[RAW DATA — start]
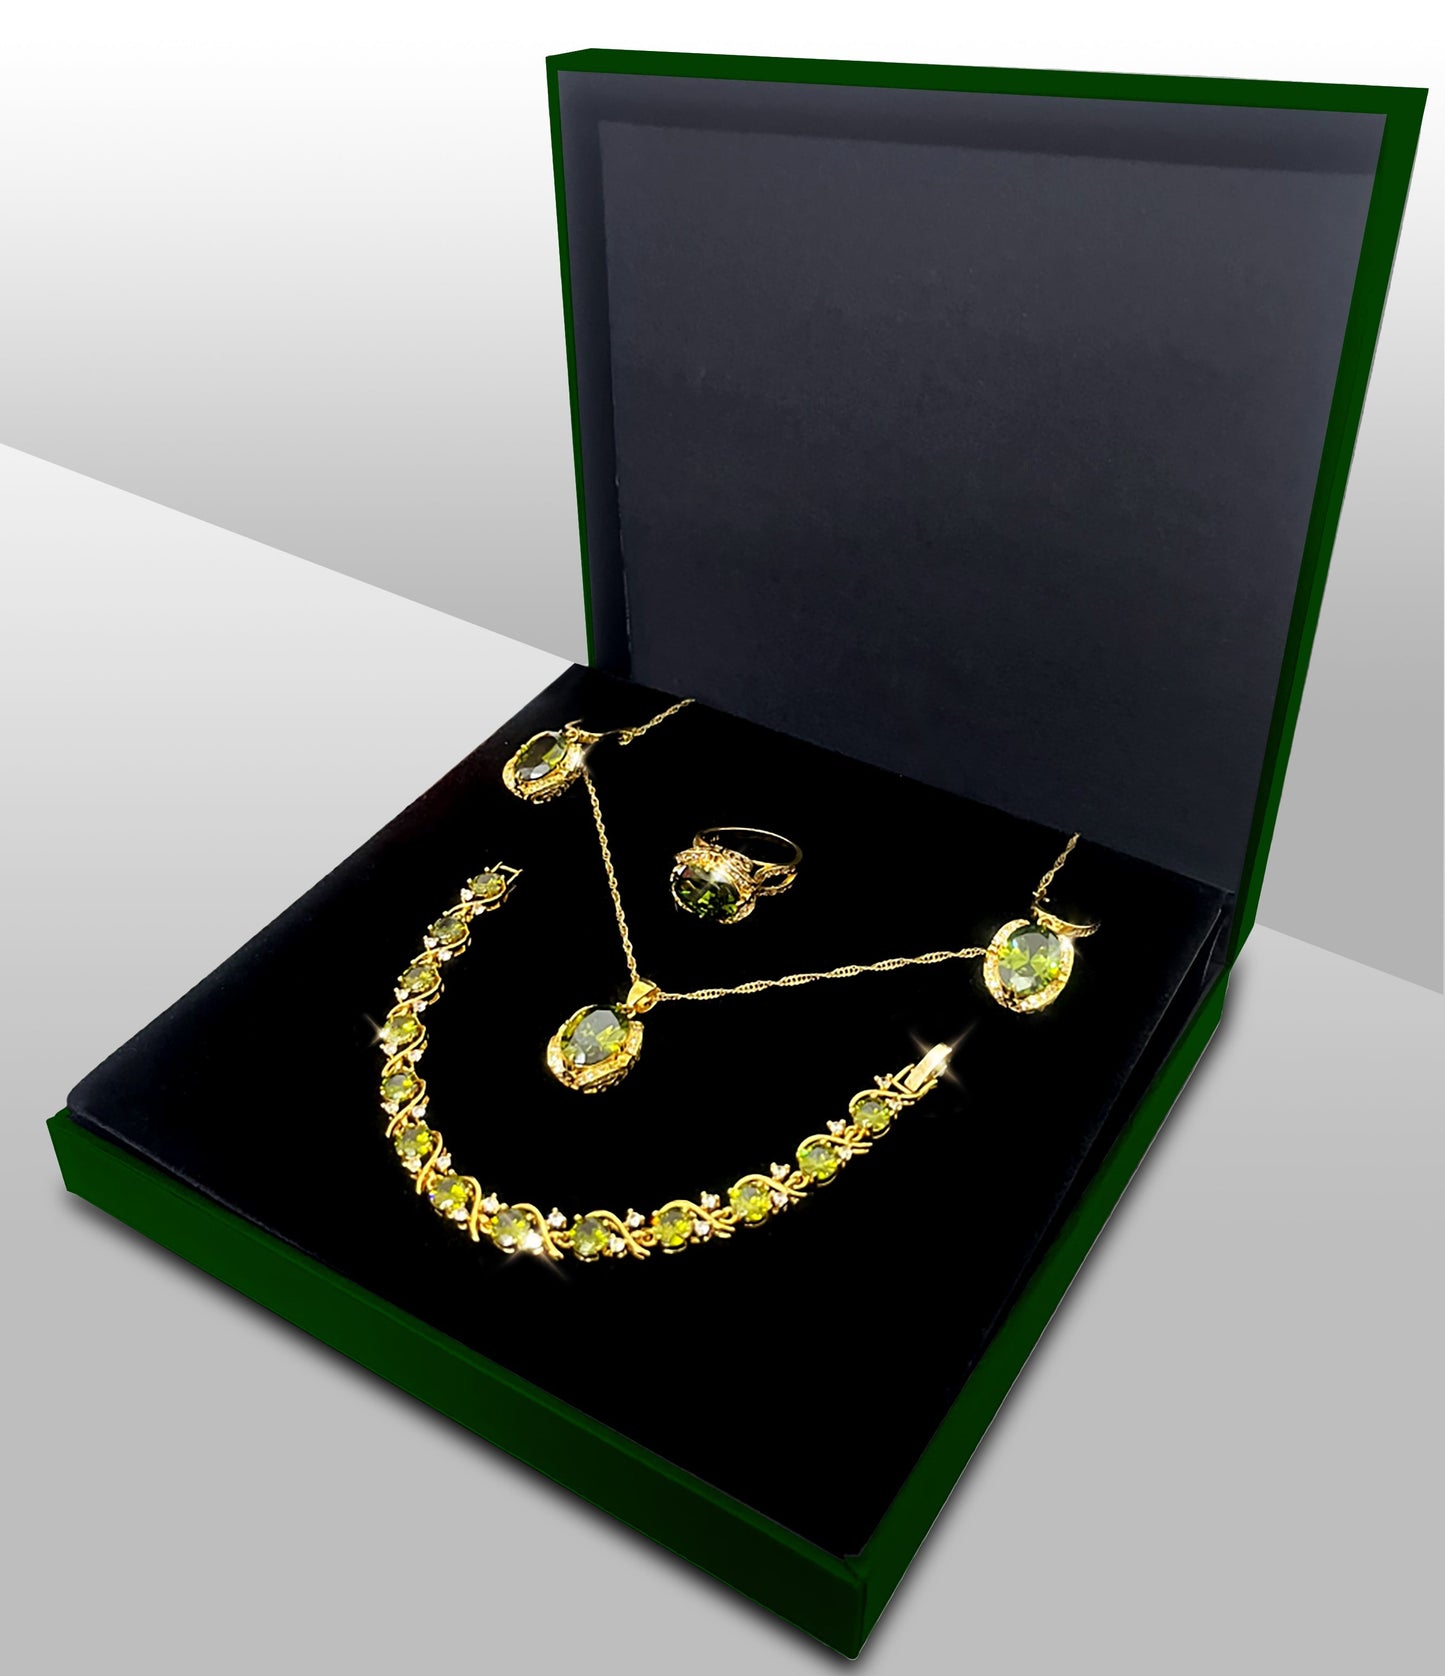 Luxury Green/Red Zircon 925 Silver Jewelry Set
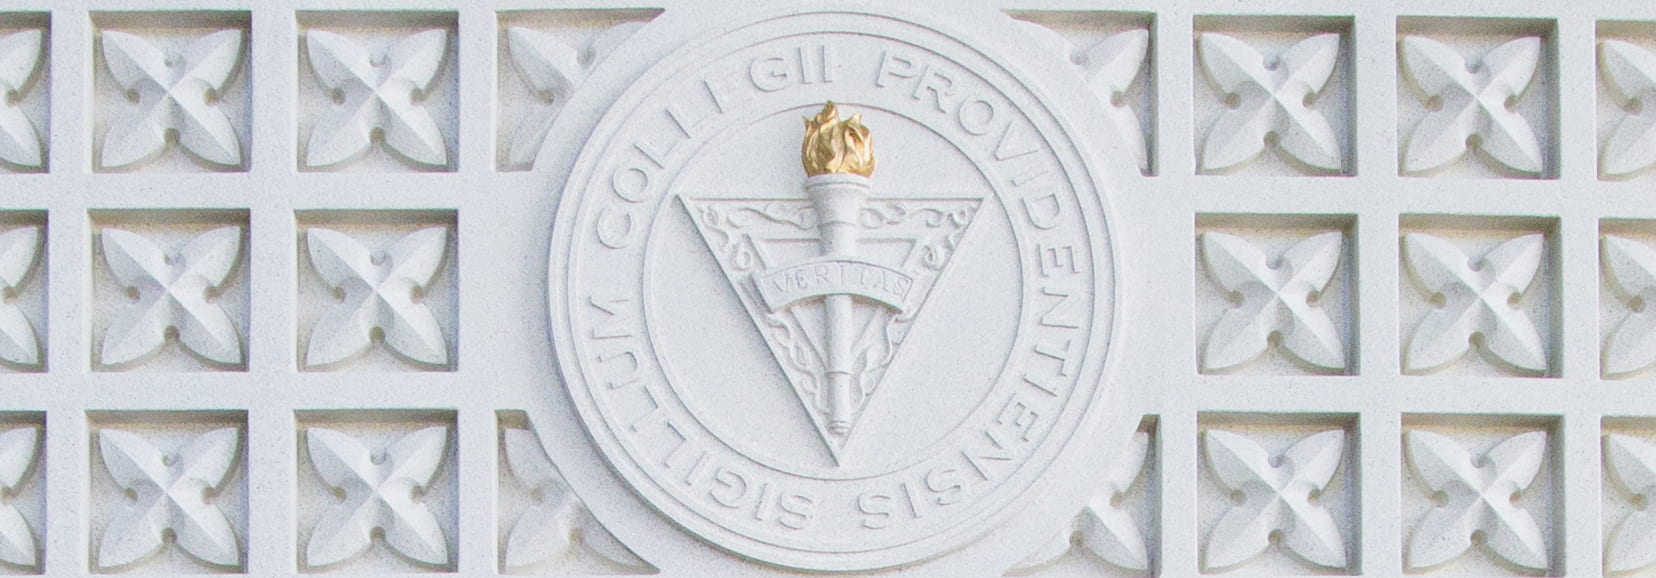 Ruane Seal, white cement with VERITAS logo
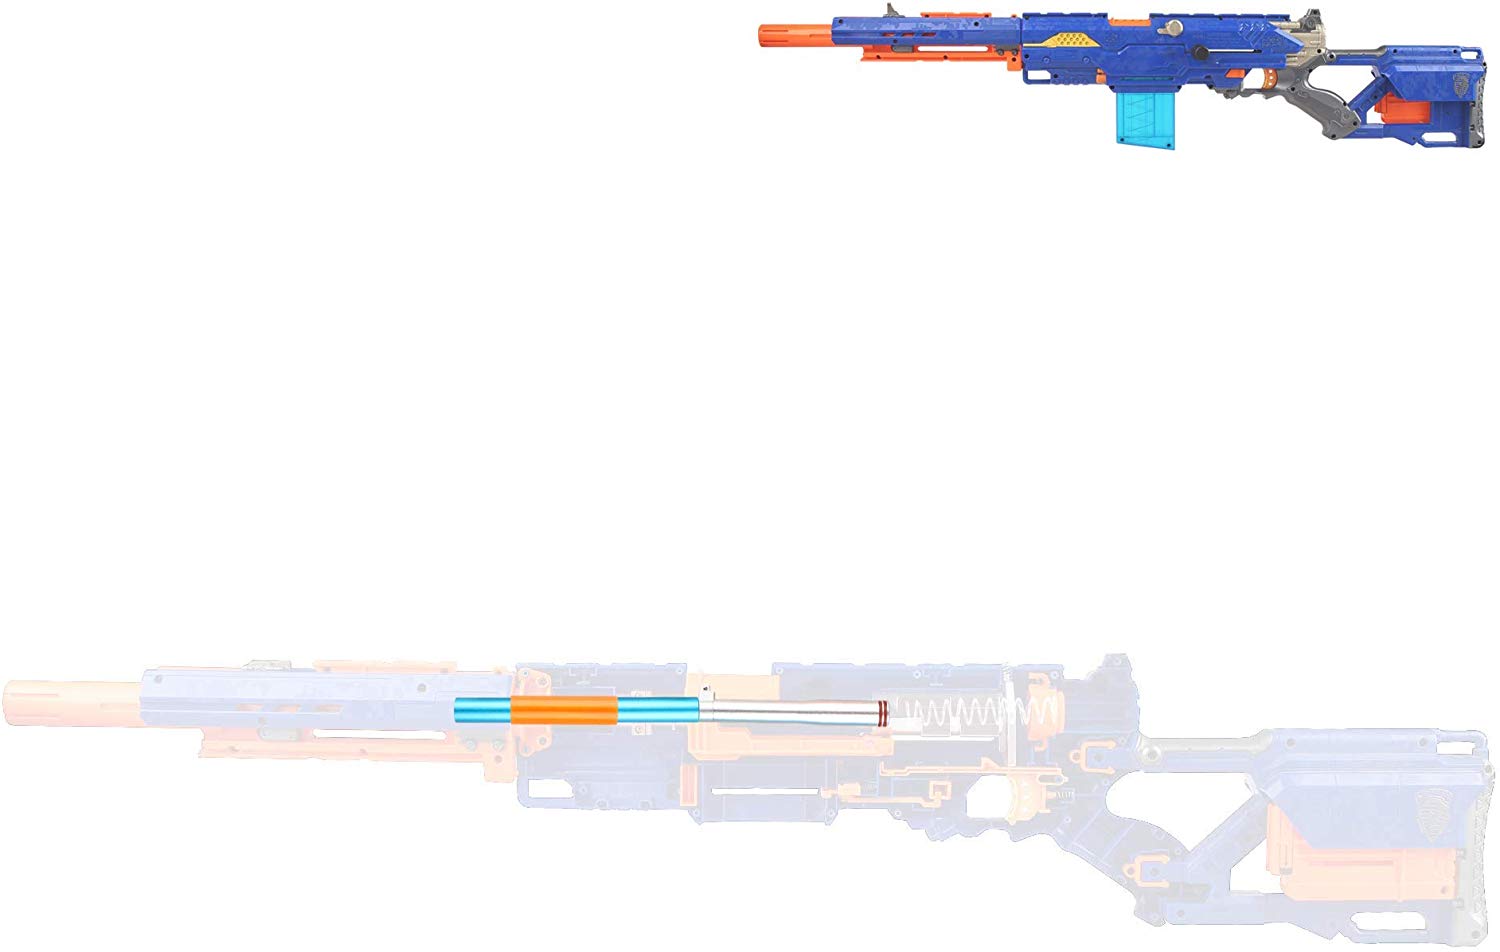 Nerf N-Strike LongStrike CS-6 Sniper Rifle Blue w/ Sight Looks
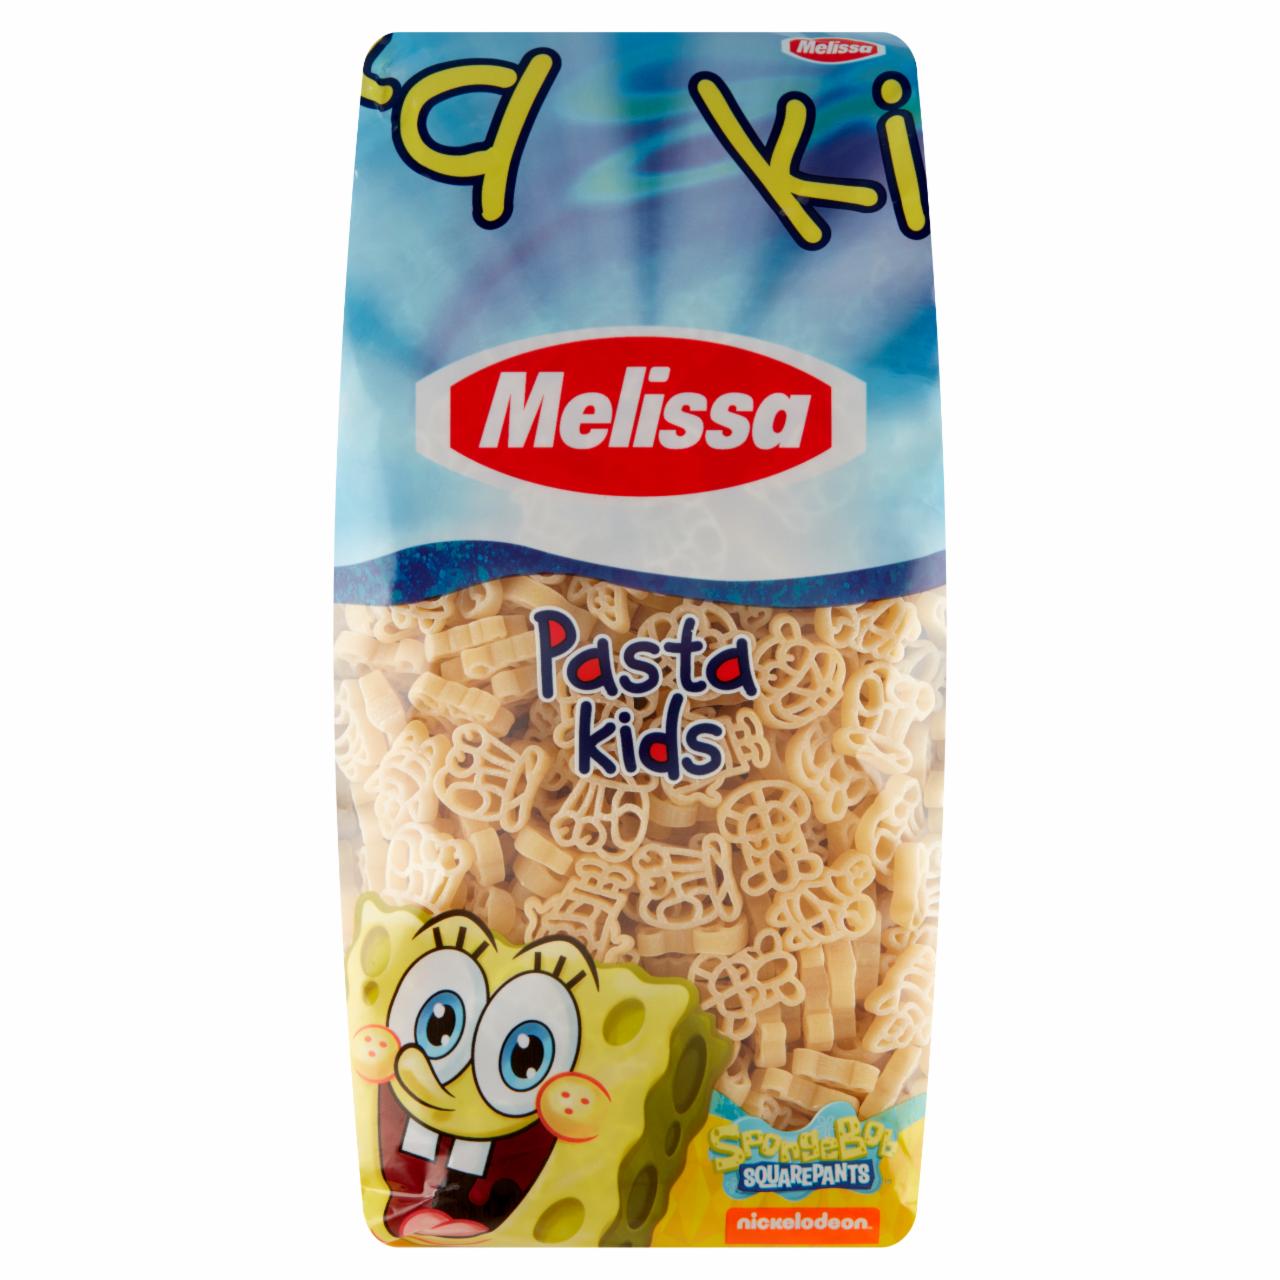 Zdjęcia - Melissa Pasta Kids Sponge Bob Squarepants Makaron 500 g
[RAW DATA — finish]
* [WHAT NEEDS TO BE DONE]: Reproduce exactly, and only, the lines from the one with "Nerf N-Strike LongStrike" to the final line of the listing above; the pictures are to be left out.

* [RESULT]:
 Nerf N-Strike LongStrike CS-6 Sniper Rifle Blue w/ Sight Looks
 Zdjęcia - Melissa Pasta Kids Sponge Bob Squarepants Makaron 500 g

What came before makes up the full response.